I’ve been that researcher. More than once. And I’ve watched colleagues make two kinds of mistakes: either they throw up their hands and say “we can’t learn anything” (false), or they torture the data until it confesses something publishable (dangerous). There’s a middle path, but it requires changing how we think about what we’re doing.
The setup: A simulation that mirrors reality
Let me make this concrete with a simulation. I created a dataset that looks like what my colleague brought me: 19 treatment arms with unequal samples, where most treatments genuinely do nothing, but three of them—arms 17, 18, and 19—have real effects of 0.8, 1.0, and 1.2 standard deviations.
These are large effects. The kind you’d actually hope to detect. If we can’t find them, we have no hope with subtle effects.
124 people spread across 19 arms. Some arms have only 5 observations. The signal-to-noise ratio is terrible.
Perfect. This is exactly the situation we need to learn how to handle.
Watching the standard toolkit fail
I ran the usual analyses, the ones any reviewer would expect. ANOVA first—the omnibus test asking whether any arm differs from the others.
Result: p = 0.395. Nothing.
Okay, maybe the signal is hiding in pairwise comparisons. Let me compare each treatment to control, with Bonferroni correction for multiple testing.
Smallest adjusted p-value: 0.21. Complete silence.
The standard toolkit has spoken: no significant differences. Move along, nothing to see here.
But wait—I built this simulation. I know there are real effects hiding in arms 17, 18, and 19. I can see the code. The effects are 0.8, 1.0, and 1.2 standard deviations—not small.
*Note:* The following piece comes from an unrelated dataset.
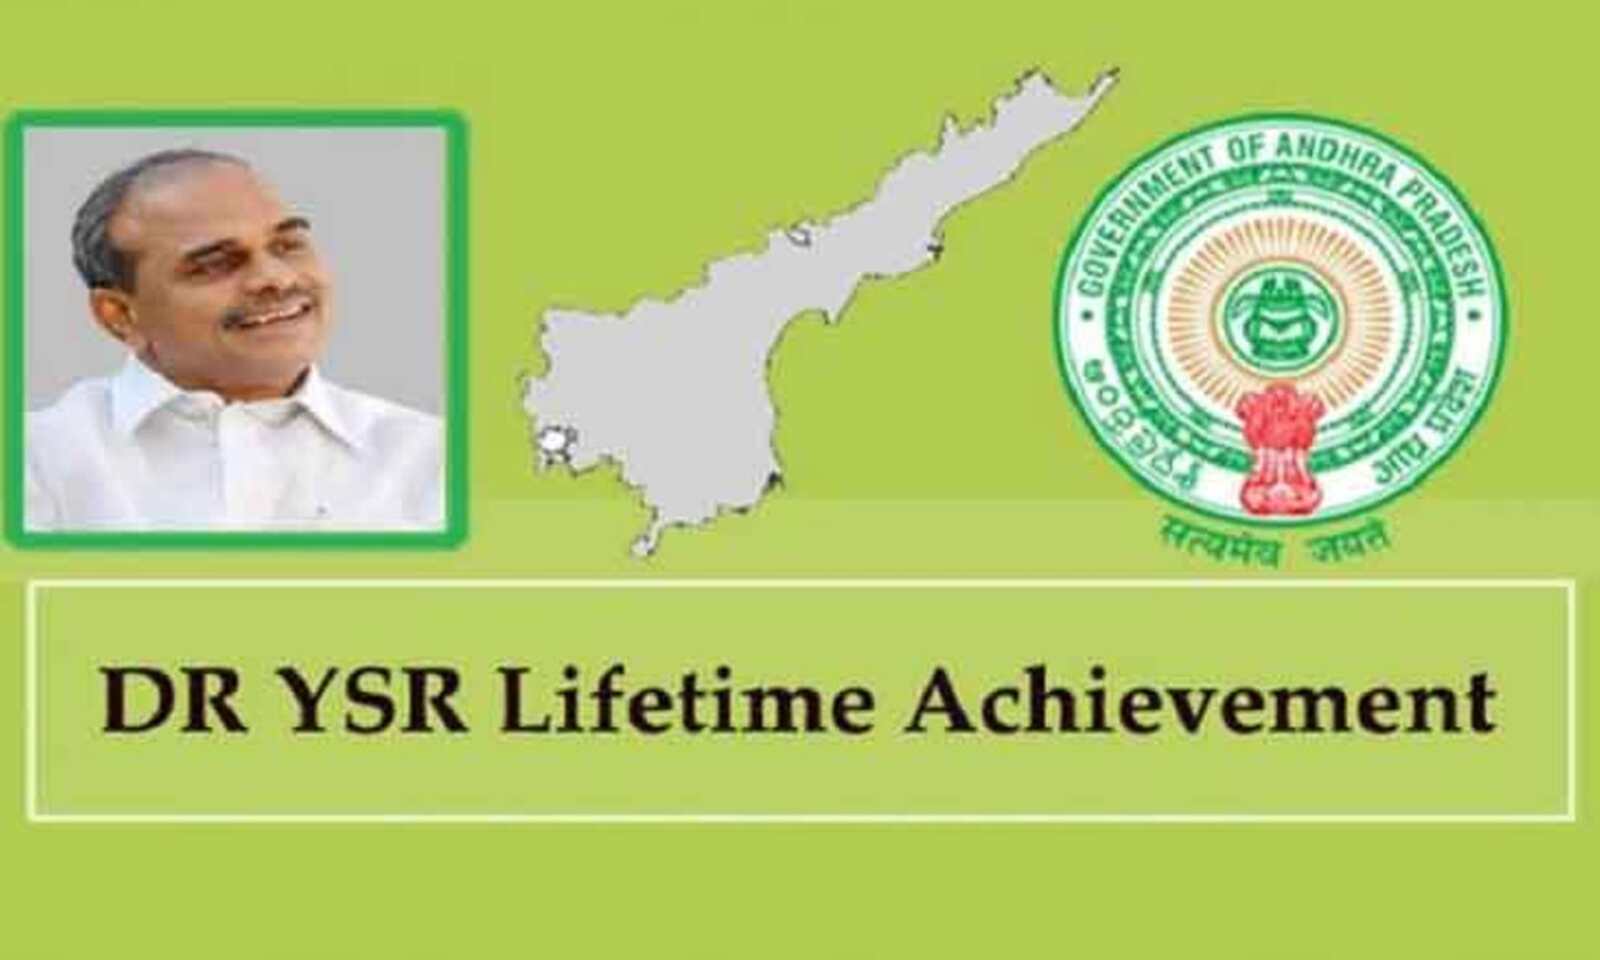 Andhra Pradesh: 12 organisations among 63 YSR award winners

What gives?
This is small samples for you. The noise is louder than the signal. Three real effects, completely invisible to conventional methods.
If this were a real study—and the situation is based on real studies I’ve seen—we would have spent months collecting data, risked enumerators’ safety, burned through limited funding, and concluded… nothing. Publication unlikely. Lessons unlearned. Intervention abandoned or scaled up based on hunches rather than evidence.
There has to be a better approach.
The shift: From confirmation to screening
Here’s the key insight, and it took me years to internalize it: in underpowered studies, you’re not confirming effects. You’re screening.
Confirmation means proving something is true with high confidence. That requires statistical power. Power requires sample size. We don’t have it.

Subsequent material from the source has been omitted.